我面临与Python上的pandas库相关的问题.我试图在多个excel文件(具有多个工作表)上自动执行大量的添加/合并.但是,我不知道如何简单地跳过不包含该指定的sheet_name的文件.有任何想法吗?我的代码如下:
I am facing an issue related to pandas library on Python. Im trying to automate a mass append/concat on multiple excel files (with multiple sheets). However, i can not figure out how to simply skip the files which does not contains that especified sheet_name. Any ideas? My code is as below:
PS1:代码读取每个xlsx文件中的每张图纸后,我必须插入一个中断来结束迭代.
PS1: I had to insert a break to end the iteration as soon as the code was reading every sheet in every xlsx file.
PS2:错误是:"XLRDError:没有名为<'CSNSC 2020'>的工作表."
PS2: The error is: "XLRDError: No sheet named <'CSNSC 2020'>".
PS3:我能够找出一种方法:将一个try放置在循环的后面,并为该错误指定一个例外.但是,为此,我需要使其余的代码都能正常工作.
PS3: I was able to figure out a way: by positioning a try right after the loop for, and an exception for the error. However, for this, i need to be pretty the rest of the code works.
import pandas as pd
import os
path = r'C:/Users/Thiago/Desktop/Backup/Python/Files test append xlsx'
files = os.listdir(path)
df = pd.DataFrame()
xlsx_files = [path + '\\' + f for f in files if f[-4:] == 'xlsx']
for i in xlsx_files:
xlsx = pd.ExcelFile(i)
for name in xlsx.sheet_names:
data = pd.read_excel(i, header = 1, sheet_name = "CSNSC 2020")
data['File'] = i
print(i)
df = df.append(data)
break
df = df[['Dt.
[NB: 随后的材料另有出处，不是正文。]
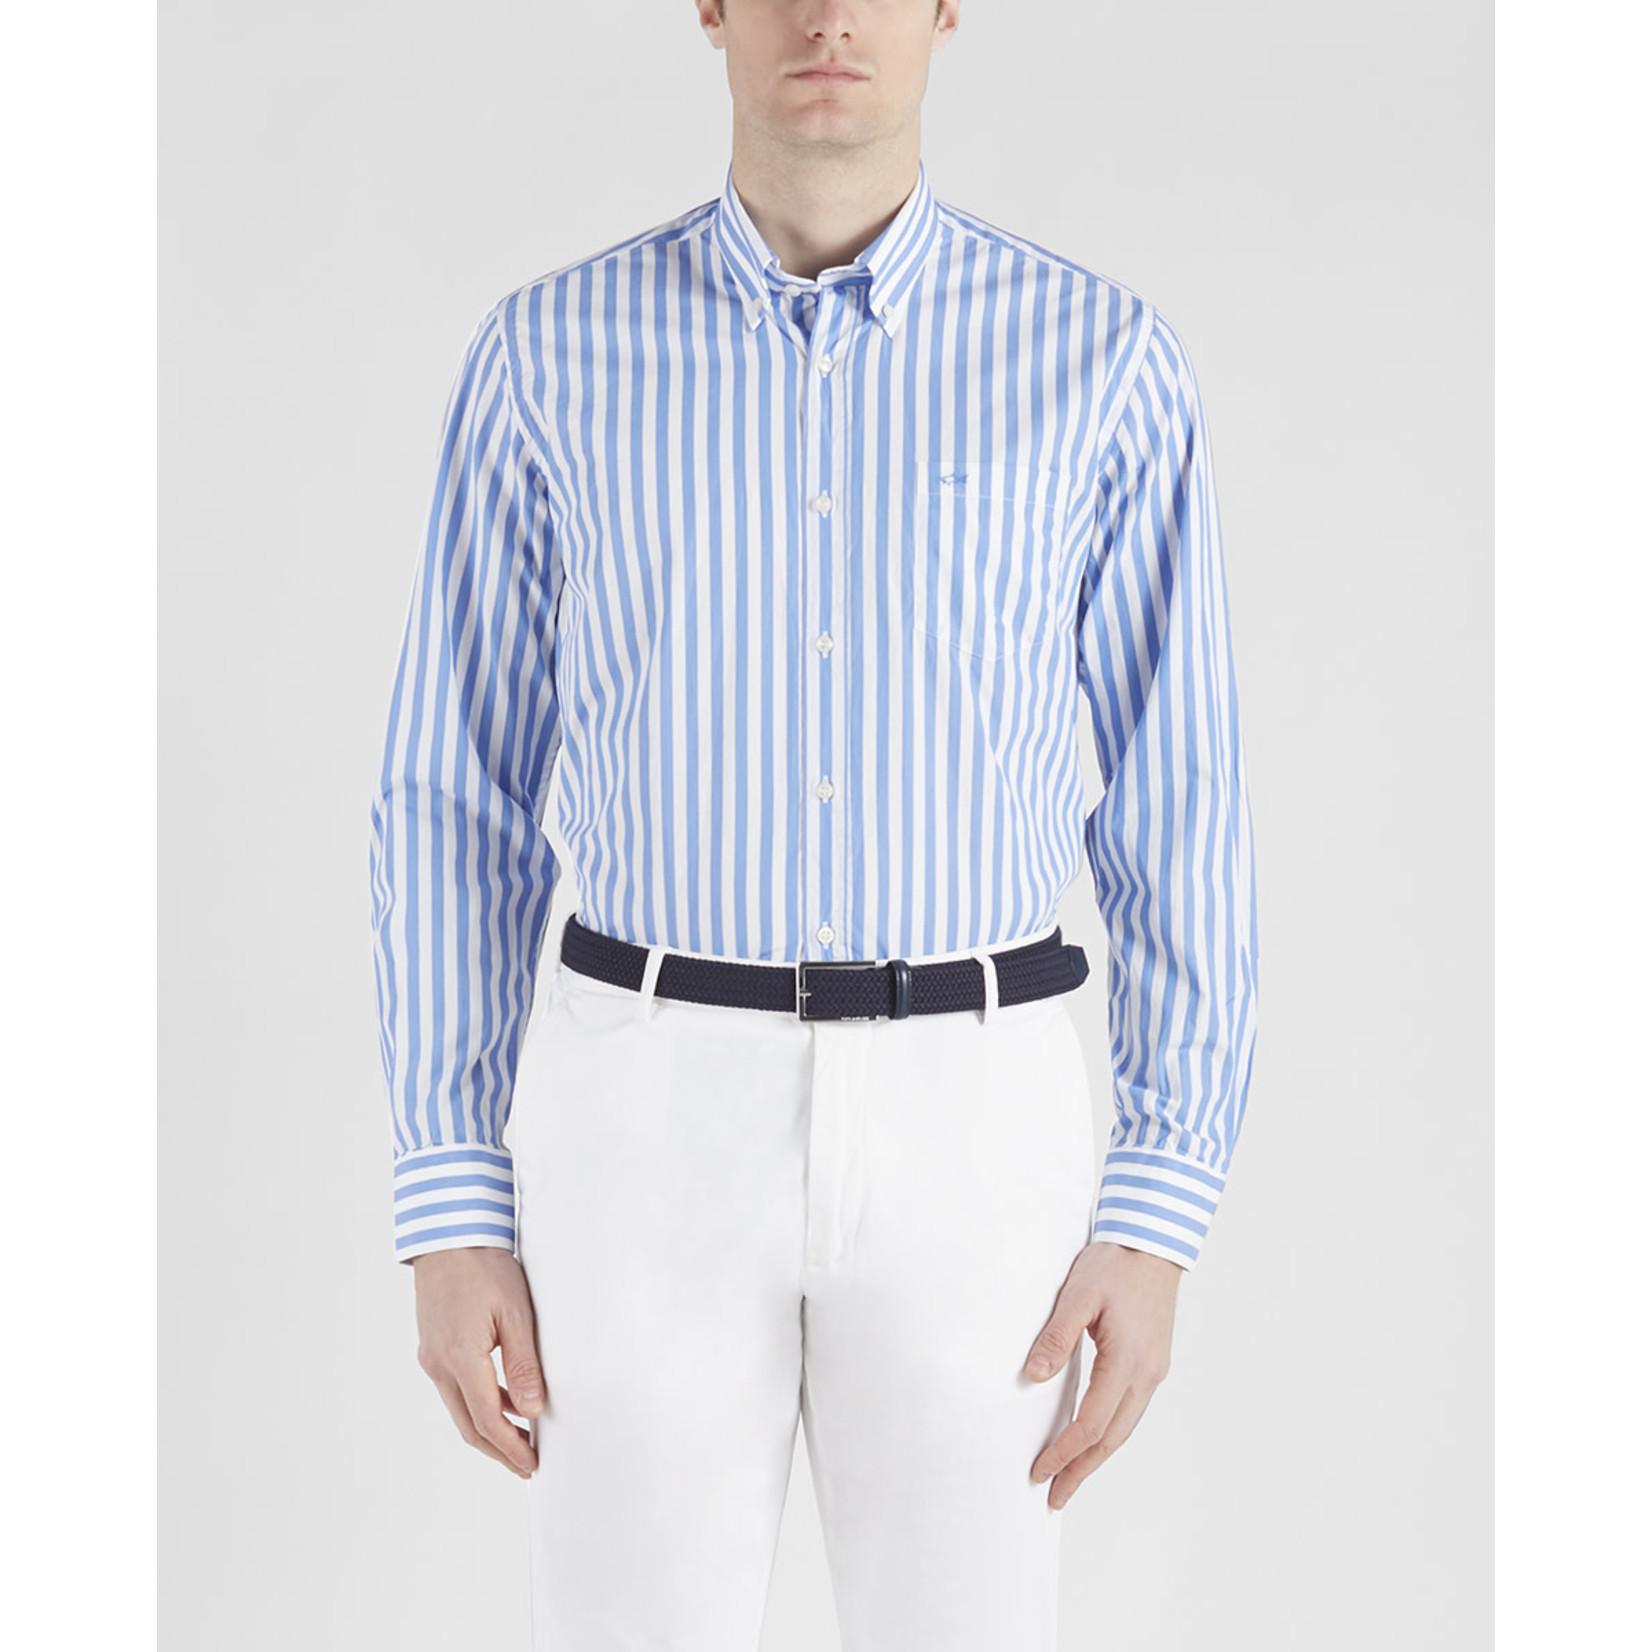 Paul & Shark overhemd lichtblauwe streep

Ref.','Convênio','Tipo de Atendimento','Venc.']]
df.head()
df = df.dropna(subset=['Convênio'])
df.head()
df.to_excel(r'C:/Users/Thiago/Desktop/Backup/Python/Files test append xlsx/out.xlsx')
谢谢!
推荐答案
我编写了这个简单的函数来合并excel文件并处理缺少工作表的excel文件.随时根据自己的用例进行调整
I wrote this simple function to concat excel files and handle excel files with missing work-sheets. feel free to adapt it to your own use-case
主要要注意的是try
和except
处理错误.
the main thing to note is the try
and except
to handle the errors.
import pandas as pd
from pathlib import Path
from xlrd import XLRDError
行动中
concat_excels(src,'Sheet2',trg)
No sheet named <'Sheet2'> in file_0.xlsx, skipping
No sheet named <'Sheet2'> in file_1.xlsx, skipping
No sheet named <'Sheet2'> in file_2.xlsx, skipping
No sheet named <'Sheet2'> in file_3.xlsx, skipping
No sheet named <'Sheet2'> in file_4.xlsx, skipping
No sheet named <'Sheet2'> in file_5.xlsx, skipping
No sheet named <'Sheet2'> in file_6.xlsx, skipping
No sheet named <'Sheet2'> in file_7.xlsx, skipping
No sheet named <'Sheet2'> in file_8.xlsx, skipping
No sheet named <'Sheet2'> in file_9.xlsx, skipping
File Saved to C:\Users\DataNovice\OneDrive\Documents\2020\python\file_io_ops\move_files_test
功能.
def concat_excels(source_path, sheet_name, target_path):
"""
A simple script to find excel files in a target
location and merge them into a single file.
You need Python installed along with Pandas.
pathlib is available in Python 3.4 +
error handling added.
"""
# create list for excel files.
excel_files = [file for file in Path(source_path).glob("*.xlsx")]
# create empty list to store each individual dataframe.
excel_dataframe = []
# loop through our file to read each file and append it to our list.
for file in excel_files:
try:
df = pd.read_excel(file, sheet_name=sheet_name)
df.columns = df.columns.str.lower() # lowercase all columns
df.columns = (
df.columns.str.strip()
) # remove any trailing or leading white space.
excel_dataframe.append(df)
except XLRDError as err:
print(f"{err} in {file.name}, skipping")
try:
final_dataframe = pd.concat(excel_dataframe, axis=1)
final_dataframe.to_excel(target_path + "\master_file.xlsx", index=False)
print(f"File Saved to {target_path}")
except ValueError as err_2:
print(
f"No Sheets Matched in any of your excel files, are you sure {sheet_name} is correct?"
)
return excel_dataframe
这篇关于从多个Excel文件连接一个工作表,同时处理缺少工作表的文件的文章就介绍到这了,希望我们推荐的答案对大家有所帮助,也希望大家多多支持IT屋!